You may recall three years ago there was a major announcement that Amazon, Berkshire Hathaway, and JP Morgan Chase were creating a joint venture that would solve the healthcare cost and delivery crisis in our country through an employee benefits program for their collective 1.1 million employees. This was to be the “big disruptor” in the U.S. Health system, which caused a big sell-off of all major insurance companies’ stock. Back then most of the financial pundits thought they could be successful in eliminating most of the administrative cost associated with the current system. Subsequently they named the venture Haven and hired Dr. Atul Gawande a leading physician, healthcare expert, author, and professor to head up the effort. Dr. Gawande left the company last May without much explanation nor public comment from the three business giants behind the venture. This week they announced that they were shuttering the effort and closing down Haven.

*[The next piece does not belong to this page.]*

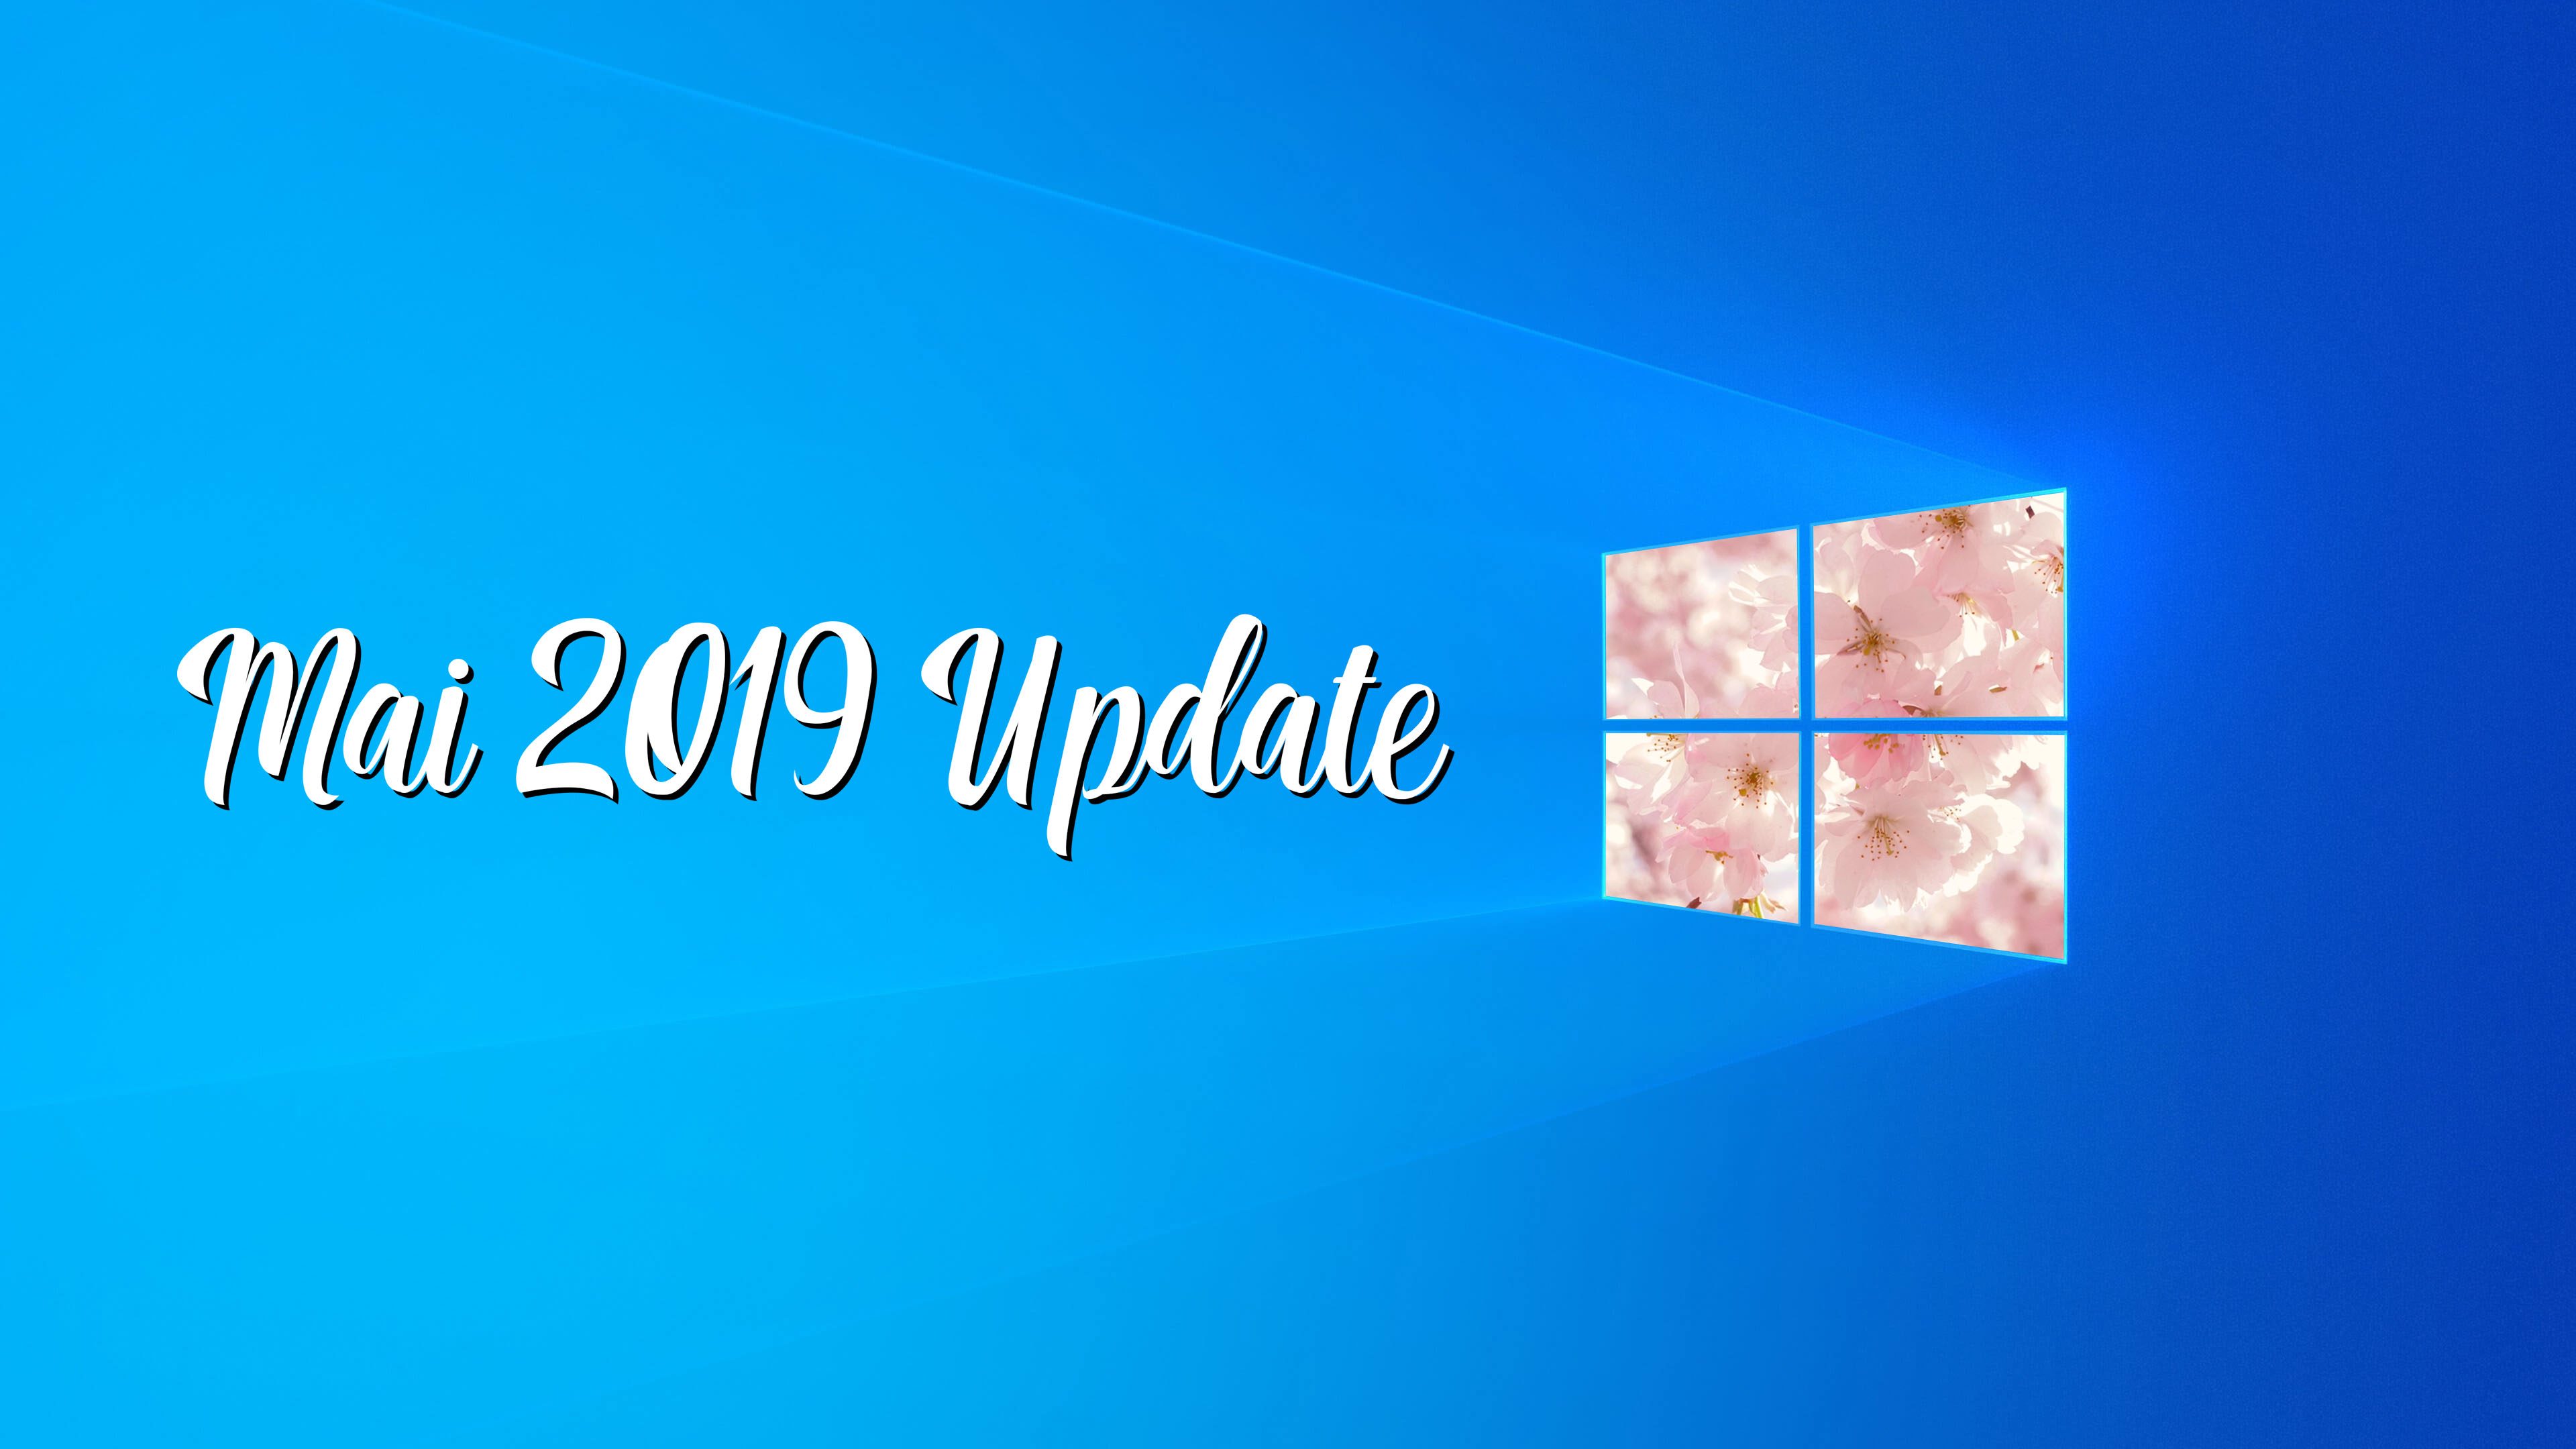 Windows 10 Mai 2019 Update jetzt für MSDN-Abonnenten verfügbar

What happened? This was supposed to bring innovation and break our age-old healthcare system that has grown into colossal monopoly that rewards CEO’s and middlemen, and controls lawmakers through ungodly amounts of spending on lobbyists while bankrupting a large portion of their customers (patients). I think we can speculate on several different reasons, but I’ll provide two that seem to be most evident. The first is the potential for conflict of interest. All three of these companies have interest in various parts of the health care system where they make money from financing, providing tech platforms, or outright owning companies within the health care universe. In his daily podcast today Dr. Eric Bricker, a leading health care expert provided his opinion that Haven didn’t fail. It quit (You can find the video on YouTube). And that’s not a bad thing due to their financial conflicts of interest. Berkshire Hathaway holds roughly 1/3 ownership interest in Davita, the dialysis company that provides services to about half of the country’s patients dealing with kidney failure. He claims that their charges average $12,000 per patient per week -which is paid by you the employer. Medicare pays Davita about $750 for the same treatment for Medicare members. How would the other stockholders of Davita feel if a major stockholder created strategies to reduce the cost of Dialysis? The stockholders of both companies must be pleased about the closing of Haven as Berkshire Hathaway daily stock price is up 2% and Davita is up 3.2% as of this writing. My contention is that at least part of the failure for the three giant companies to succeed could be connected to their interest in profiting from the medical-industrial complex that is our current health system.
The other reason I present is more contentious and a little harder to comprehend. I submit that our health care cost and access issues cannot be solved at a macro level across a wide geography like the one Haven represented by the nationwide spread of the 1 million plus employees of the three companies. In their efforts to drive improvement they found out what worked for employees in California doesn’t necessarily work in Nebraska or Massachusetts. The only viable way to change the system is with a grass roots initiative at the local level that can address the issues that pertain directly to you and the employees and families that you provide health care for. Because one of the main problems of our current health system is that there is no consensus of how and where health care is delivered across the country. Let alone a common price we pay for any given episode of care. The change has to start with you. Because you’re in the health care business even if you don’t like it. Warren Buffet once said, “GM is a health and benefits company with an auto company attached.” No matter what business you’re in or how large your company is it’s likely that your two largest expenses are labor and benefits. That puts you in the health care business even if it’s involuntarily. And that change that you must initiate starts when you begin to look at your benefits cost as a business unit that requires the same type of management you afford to your supplies, materials, or other services you use to operate your busines. That will lead you to discover the things you can do to lower your costs and improve your offerings that keep your employees and their families satisfied and healthy. And you will find out that there’s a lot you can do that you weren’t aware of, beginning with addressing the costs and quality of your local hospitals and doctors and weeding out the outside entities that have no real interest in the improvement of health care cost and delivery in your community. Health care must change, or you and I will go broke. The change starts with you and it starts locally.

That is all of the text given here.